The translation of the quality of life questionnaires required five main stages: (1) translation and (2) retranslation, (3) review by a translation and retranslation committee, (4) equivalence pre-test with bilingual individuals, and (5) re-examination of the scores' weights, when relevant, as proposed by Guillemin1.

Recruitment of subjects

After the translation, we started to recruit the subjects. Our sample was made up by patients being followed at the Rhinology Ward of the institution, diagnosed with chronic rhinosinusitis or sinonasal polyps (SNP), submitted to endoscopic sinonasal surgery. As exclusion criteria, we considered age below 18 years and the wish not to participate in the study.

The diagnosis of CRS and SNP was based on the European Consensus on Rhinosinusitis: inflammation of the nose and paranasal sinuses, characterized by two or more symptoms, one of them being nasal obstruction or rhinorrhea, besides facial pain and reduction in the sense of smell, for at least 12 consecutive weeks. The endoscopic exam of the nose may reveal mucous-purulent discharge from the middle meatus or edema and middle meatus block. In SNP, polyps may be present in both middle meatuses.
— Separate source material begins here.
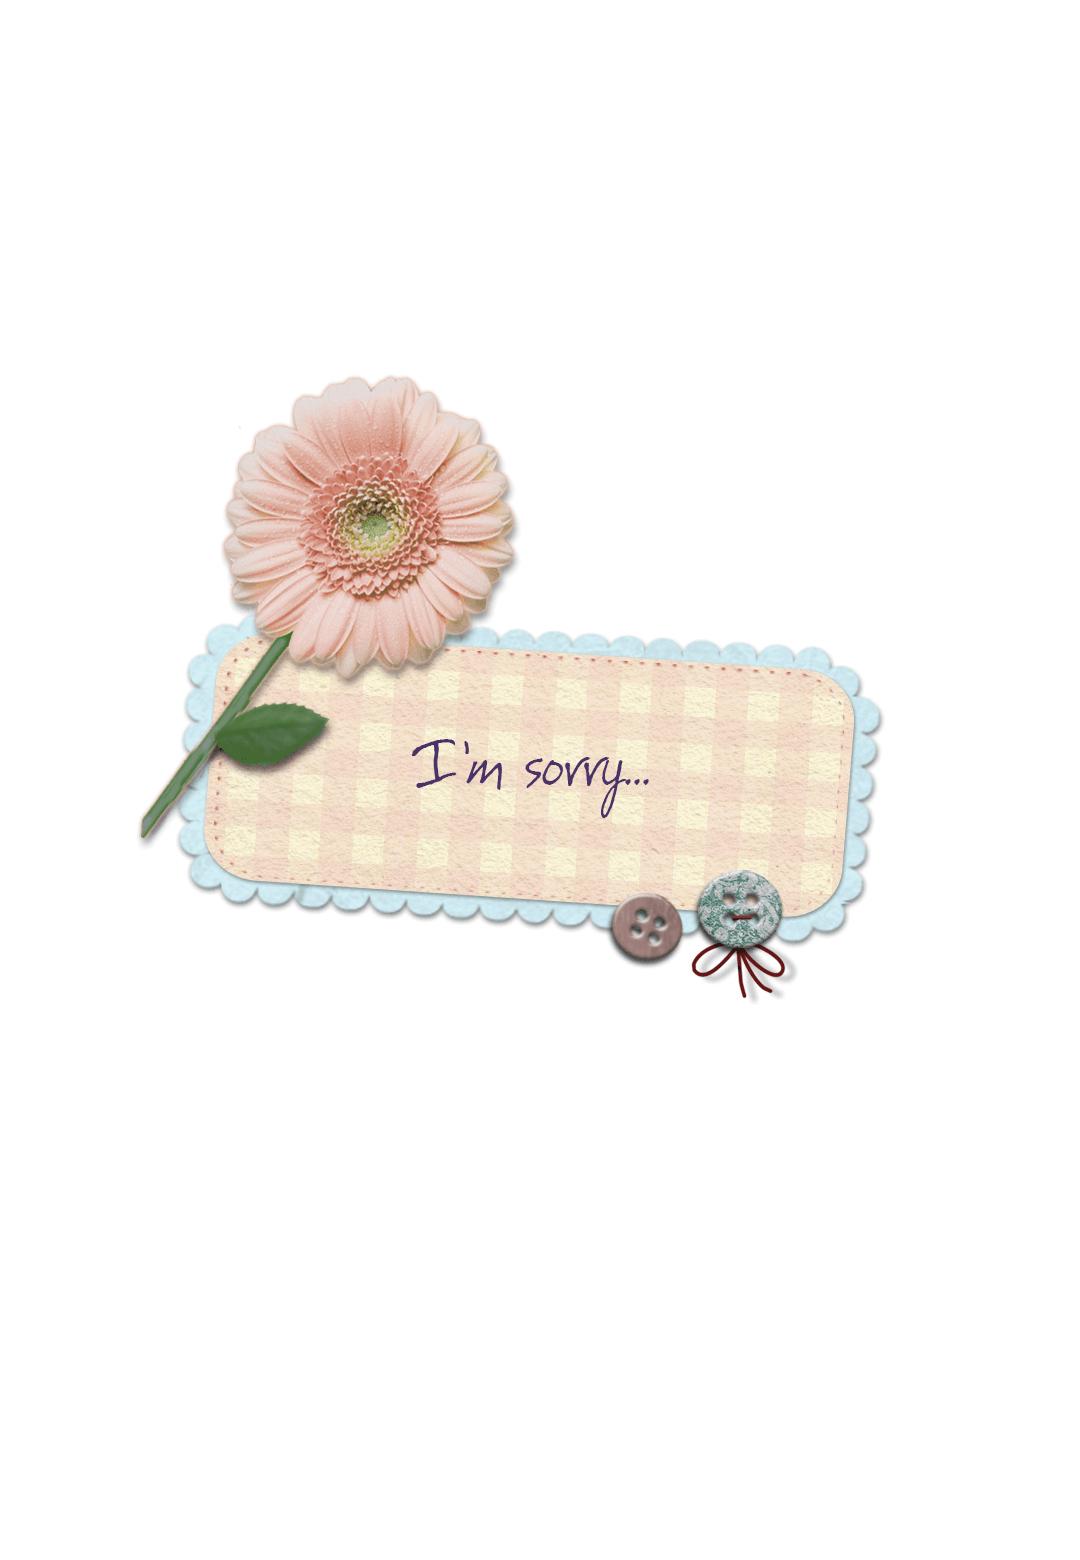 Im Sorry - Free I'm Sorry Card | Greetings Island - Free Printable I Am Sorry Cards

Eligible patients who consented with the study, answered the SNOT-22 questionnaire prospectively in the preoperative and 3 months after surgery. The total score may vary between 0 and 110, and higher scores mean worse quality of life associated with health. Moreover, in the post-op the patients answered as to the transition classification, i.e., if after the surgery they were: (1) much better, (2) a little better, (3) the same, (4) a little worse or (5) much worse, when compared to before surgery.

The test-retest reliability was carried out in a separate sample of patients with CRS or SNP. The SNOT-22 questionnaire was employed twice during the routine visit of the patient, by different physicians. 10 to 14 days afterwards, the patient answered the questionnaire again, by telephone, to one of the physicians.

The SNOT-22 scores in a normal population, knowingly without sinonasal disease was calculated. The subjects who participated in the study were recruited among members of the medical staff, hospital staff and students from a university, and companions to patients seen in our service. The volunteers were asked whether they suffered from or had suffered rhinitis, chronic rhinosinusitis or sinonasal polyps, and whether they were using nasal medication, and were taken off the study when answered yes to any of these questions.

Data analysis

The reliability was analyzed in two ways: internal consistency and test and re-test reproducibility. Internal consistency has to do with the way with which each question is associated with the others in the questionnaire, because there has to be homogeneity among the items, which is measured by the Cronbach's alpha coeficient3. The minimum acceptable value is 0.73. The test and retest reproducibility measures the stability of an instrument along time after repetitive tests, and it is evaluated by the use of the questionnaire in different occasions, examining the correlation among the scores. The test and retest correlation must be of, at least, 0.7.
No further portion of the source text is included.